Ion AmpliSeq primer pools for TP53 (exons 2–11), NOTCH1 (exons 28–34), SF3B1 (exons 11–16), BIRC3 (exons 3–9) and ATM (whole coding exons) were used to amplify the targets. Library was constructed by using Ion AmpliSeq™ Library kit (Life Technologies, Carlsbad, CA, USA) and sequenced on the Ion Torrent PGM (Life Technologies) machine. Mutations were then analysed with the Variant Caller software offered by the Torrent Server. Sanger sequencing or pyroseqencing was used to validate the mutations.

Statistical analysis

Patients were followed until initiation of CLL‐specific treatment or death or end of follow‐up, defined as treatment‐free survival (TFS), and until death or end of follow‐up, defined as overall survival (OS). All statistical analyses were carried out using the Sigmaplot statistical package (Systat Software Inc., San Jose, CA, USA). Categorical variables were compared using Fisher exact test. Multivariate analysis was done by Cox proportional hazard regression. Survival curves were constructed by Kaplan–Meier estimate and differences were evaluated by log rank test. Two‐tailed P values less than 0·05 were considered as statistically significant.

Results

IGHV usage

Three of 194 patients with no reliable or reproducible clonal IGHV were excluded from IGHV analysis. Based on a cut‐off of 2% deviation from the germline sequence, 136 out of 191 patients (71·2%) had IGHV mutated gene sequences, and the remaining 55 had sequences (28·8%) that belonged to the un‐mutated subgroup. The most frequently expressed IGHV family was IGHV3 (n = 102, 53·4%), followed by IGHV4 (n = 49, 25·7%), IGHV1 (n = 26, 13·6%), IGHV2 (n = 7, 3·7%), IGHV5 (n = 4, 2·1%), IGHV6 (n = 2, 1·0%) and IGHV7 (n = 1, 0·5%) (Fig 1A). For mutational status of IGHV region among the most common IGHV families, the vast majority of IGHV1 expressing‐cases showed more un‐mutated (16/26; 61·5%) compared to IGHV3 (20/102; 19·6%, P < 0·0001) or IGHV4 families (14/49; 28·6%, P < 0·0071) (Fig 1A).
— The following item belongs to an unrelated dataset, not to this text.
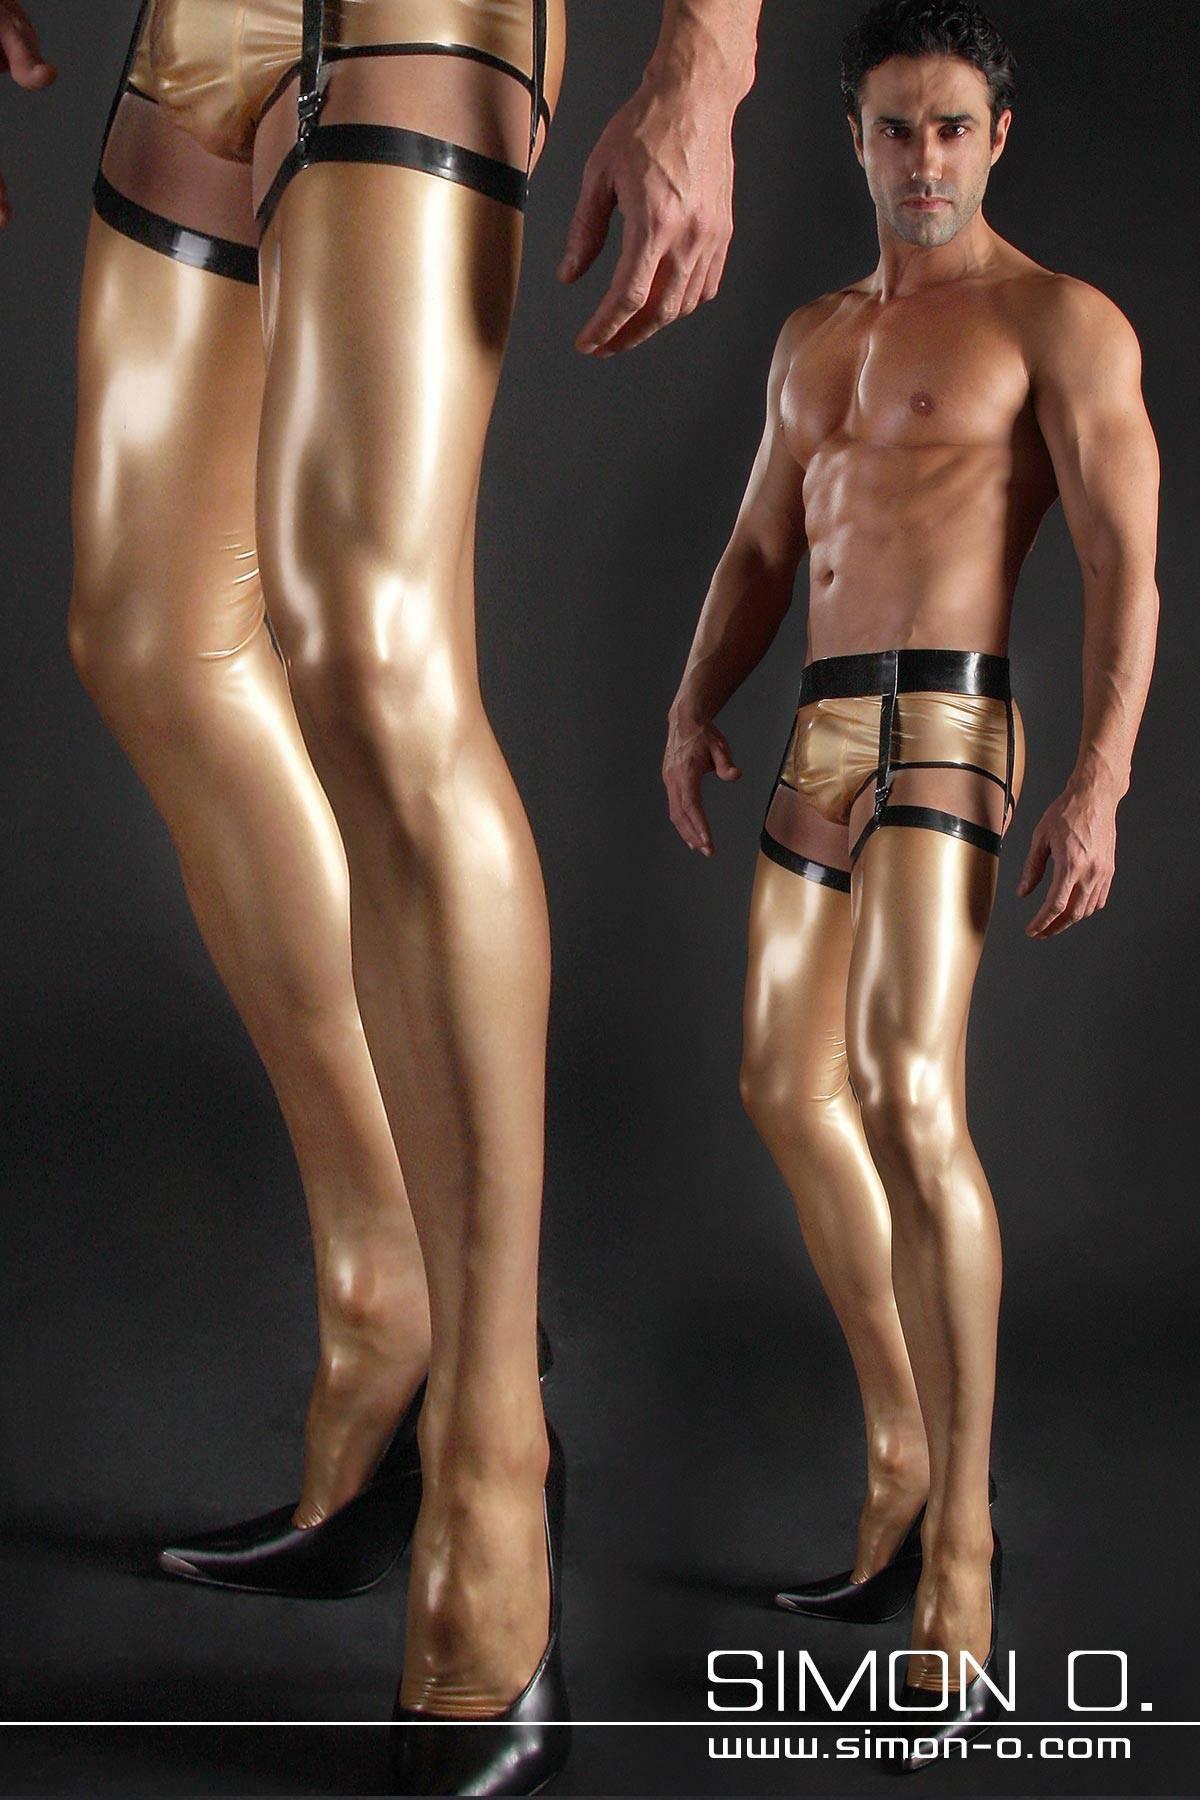 Latex Strümpfe für Herren Der Fußteil mit Spitze und Ferse anatomisch geklebt und verstärkt . Zum besseren Anziehen sowie für einen besseren Tragekomfort …

The IGHV mutational status in the most frequent IGHV usage subtypes is shown in Fig 1B. IGHV3‐23 (n = 20, 10·5%) was the most used, followed by IGHV3‐7 (n = 18, 9·4%), IGHV3‐74 (n = 14, 7·3%), IGHV4‐59 (n = 13, 6·8%), IGHV3‐30 (n = 12, 6·3%), IGHV4‐34 (n = 11, 5·8%), IGHV4‐39 (n = 11, 5·8%) and IGHV1‐69 (n = 11, 5·8%). IGHV3‐23 (19·6%), IGHV3‐7 (17·6%) and IGHV3‐74 (13·7%) constituted 51·0% of all IGHV3 cases, which were highly associated with mutated IGHV status (95·0%, 94·4% and 78·6%). IGHV4‐59 (26·5%), IGHV4‐34 (22·4%) and IGHV4‐39 (22·4%) constituted 71·4% of all IGHV4‐expressing cases, in which mutated cases were 76·9%, 90·9%, and 27·3%, respectively. In the IGHV1 family, IGHV1‐69 (42·3%) was the most frequent IGHV1‐expressing subtype with a mutated frequency of 9·1%.

Figure 1

(A) Distribution of IGHV usage in 191 chronic lymphocytic leukaemia patients; (B) Number of mutated IGHV in the most frequent subtypes.

Stereotyped BCR

Thirty‐five of 191 patients (18·3%) had homologous IGHV CDR3 (stereotyped BCR), 17 of them (8·9%) were assigned to the seven defined major subsets, i.e. subset 8 (n = 8), subset 1 (n = 3), subset 2 (n = 2), and one each for subset 5, subset 12, subset 14 and subset 77. Thirteen of 17 cases could be assigned to a previously identified subset using ARResT/AssignSubsets tool (Bystry et al, 2015). Four sequences belonged to three minor subsets, including subsets 7 (n = 2), 13 (n = 1) and 98 (n = 1), and the remaining seven clusters, which could not be allocated to the known subsets, were numbered as Clusters 1–7 with two each for the seven clusters.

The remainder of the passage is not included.